**What the task asks**.
Pictures in the material below are to be left out, and only the lines from the line with "Nike Air Max" up to and including the line with "Ulmus × 'Patriot'" are to be written out exactly.

**Exercise data**.
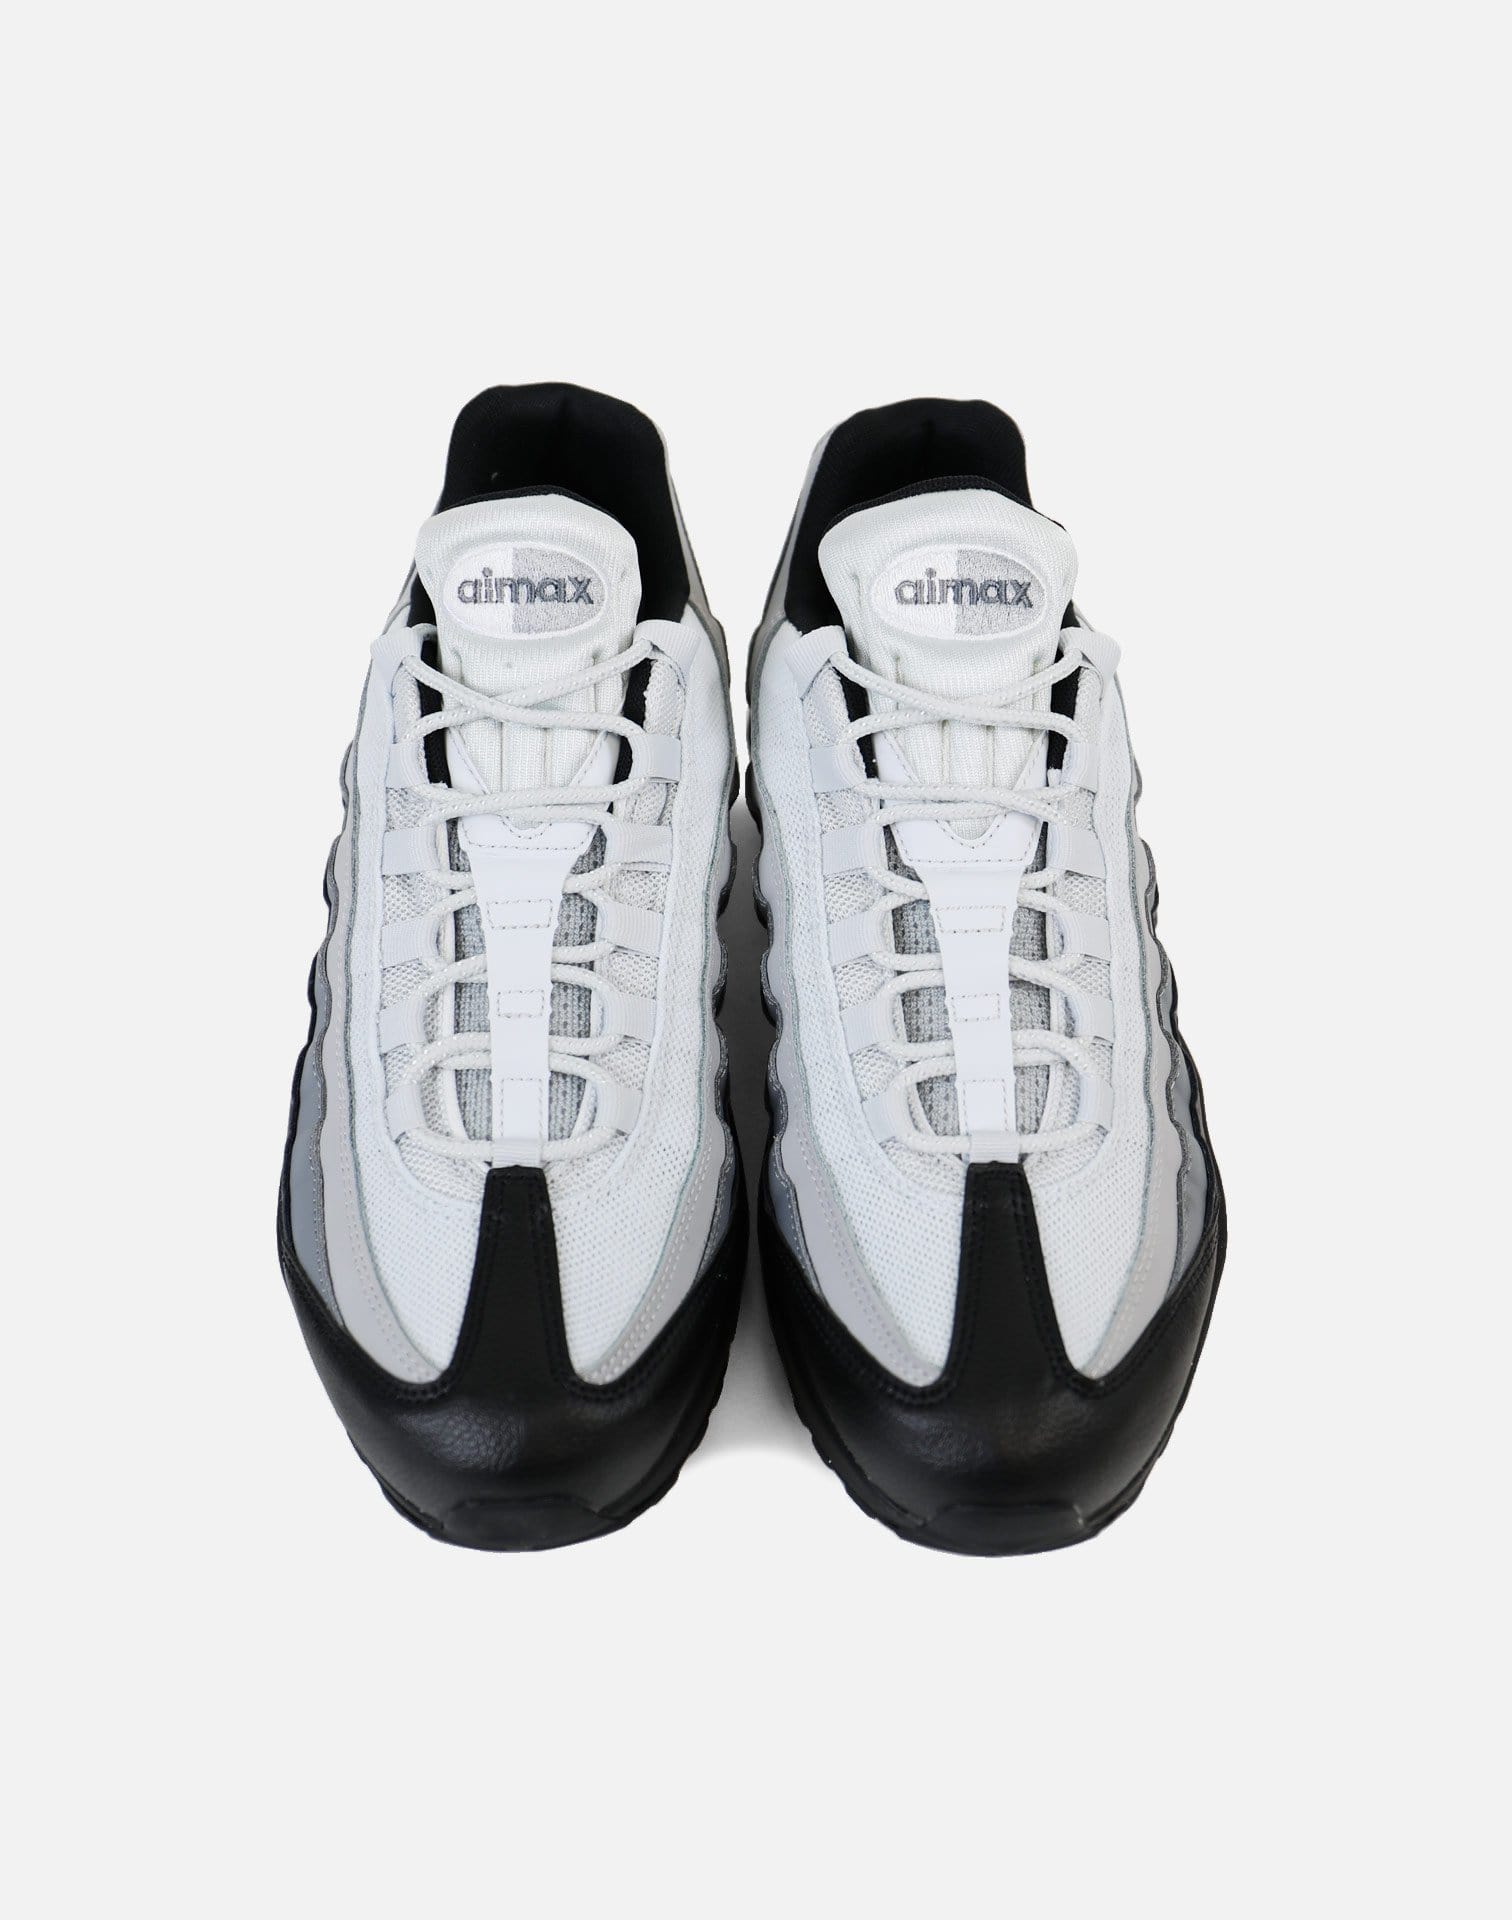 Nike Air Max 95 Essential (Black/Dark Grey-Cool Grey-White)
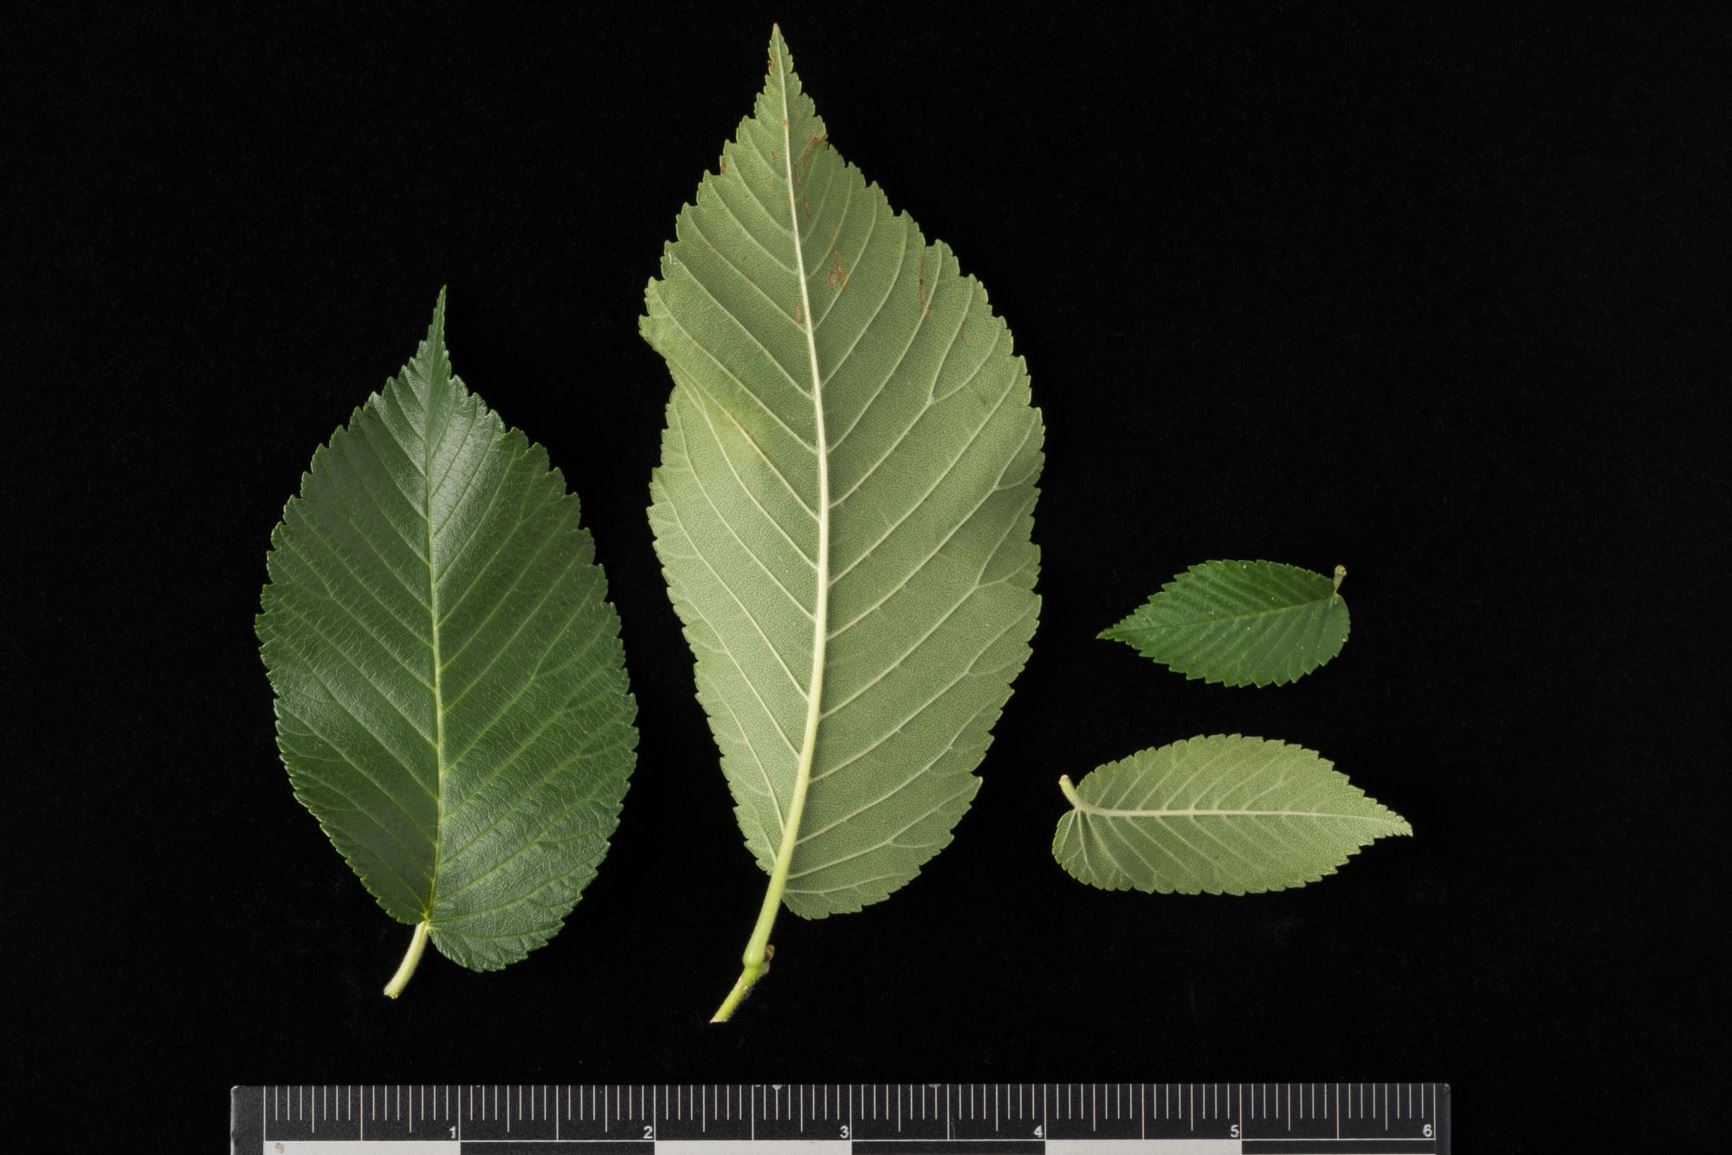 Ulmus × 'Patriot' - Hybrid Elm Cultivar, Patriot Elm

--

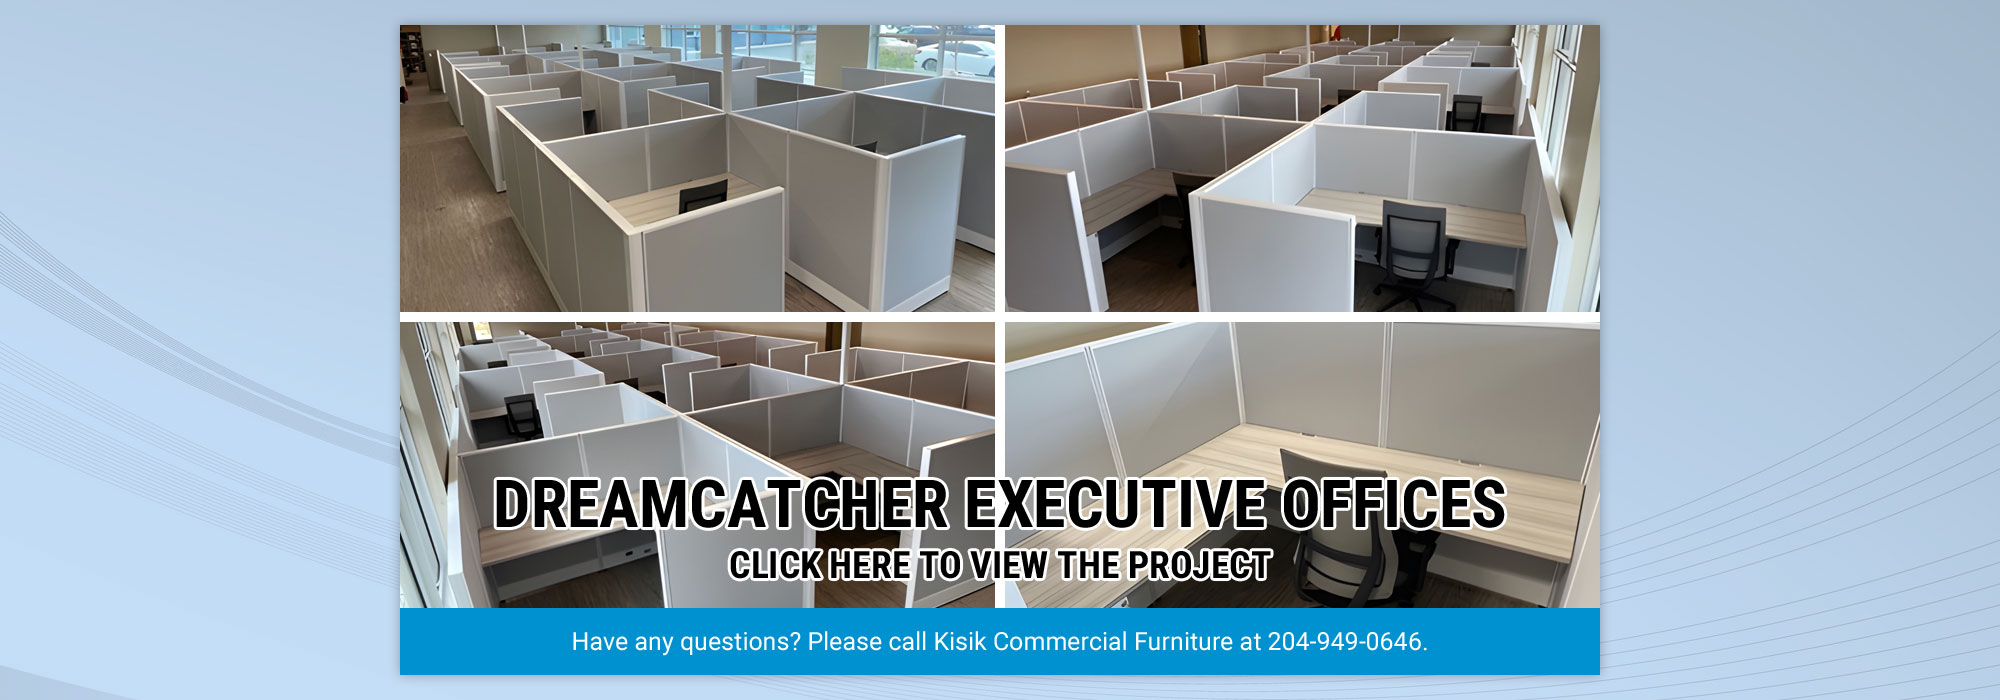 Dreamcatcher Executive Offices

**Output of the task**.
 Nike Air Max 95 Essential (Black/Dark Grey-Cool Grey-White)
 Ulmus × 'Patriot' - Hybrid Elm Cultivar, Patriot Elm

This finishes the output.